You launch your product. There's a spike of attention. Comments roll in. And then the conversation moves on.

Maybe the launch didn't go to plan. Maybe users were confused. Maybe onboarding was broken. Maybe you spent the next week fixing everything that should have been right on day one.

That's normal. But where do you post that update?

The builder goes back to building — but now in silence. There's no natural place to share the feature you shipped the week after, the pivot when users gave feedback, the bug that took three days to find.

That's the real story of building a product: the idea, the build, the launch, and everything that happens after. whatshipped.io is where the whole journey lives.

A dev log for your projects

You create a project. Then you post "ships" — updates on what you built, what changed, and what you learned. Not filler. Not tiny changelog noise. Just meaningful progress — the work that actually moved the project forward. Each ship is a permanent page on your project's timeline. Over time, it becomes the complete story of how you built your project.

That's the core loop: build something → ship an update → build the public record.

Each ship is a public milestone. People can see your progress, comment, give feedback, and follow the project as it evolves.

What makes it different

Progress has a home and stays visible. Each ship becomes part of a timeline people can actually follow. Add context, screenshots, and demo links so others can see what changed and how the project is evolving.

You can learn from how other builders build. whatshipped? isn't just for posting your own progress. You can look at other projects, scroll through their ships, and see how they shaped the product over time — what they changed, what they shipped, and what they learned.

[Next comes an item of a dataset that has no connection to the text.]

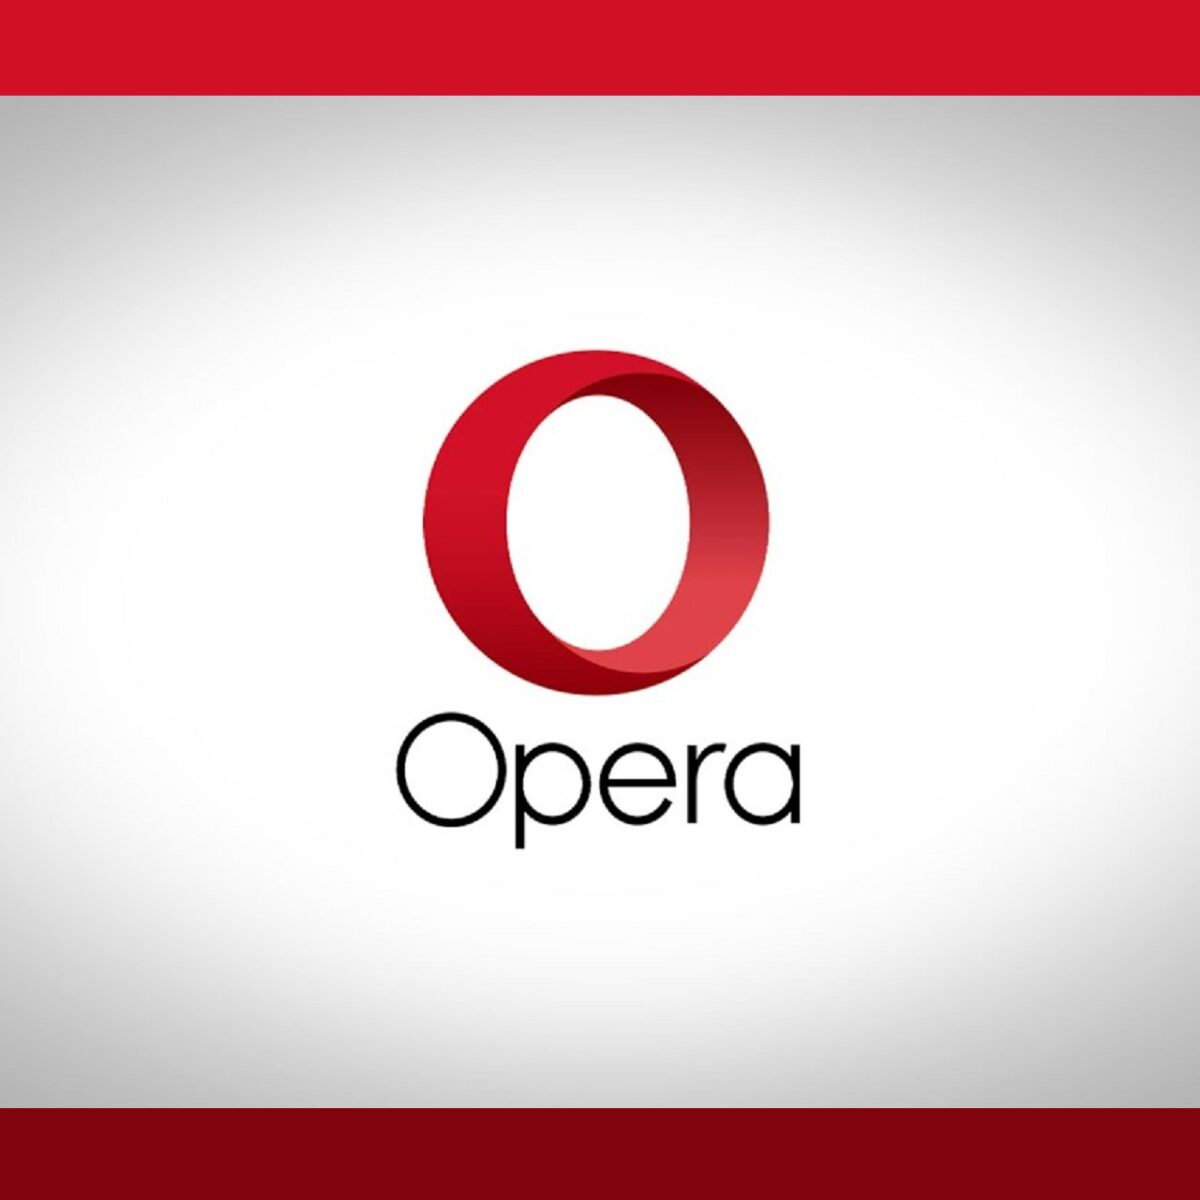 opera mini for pc download 2016

Progress and discussion are separate. Ships stay focused on the work itself. The community board is there for questions, feedback, and conversation around the project, so timelines stay clean without losing discussion.

Consistency matters more than noise. There's a 52-week activity grid that tracks your shipping consistency on a weekly cadence. You don't need to post every day. Real building doesn't happen daily. You spend days coding, testing, designing — and then you ship. One meaningful update per week keeps your streak alive.

Who is this for?

Indie hackers, developers, open source maintainers, solo founders — anyone who wants a public place to share progress, document what they’re building, get feedback, and build a following around the project as it evolves.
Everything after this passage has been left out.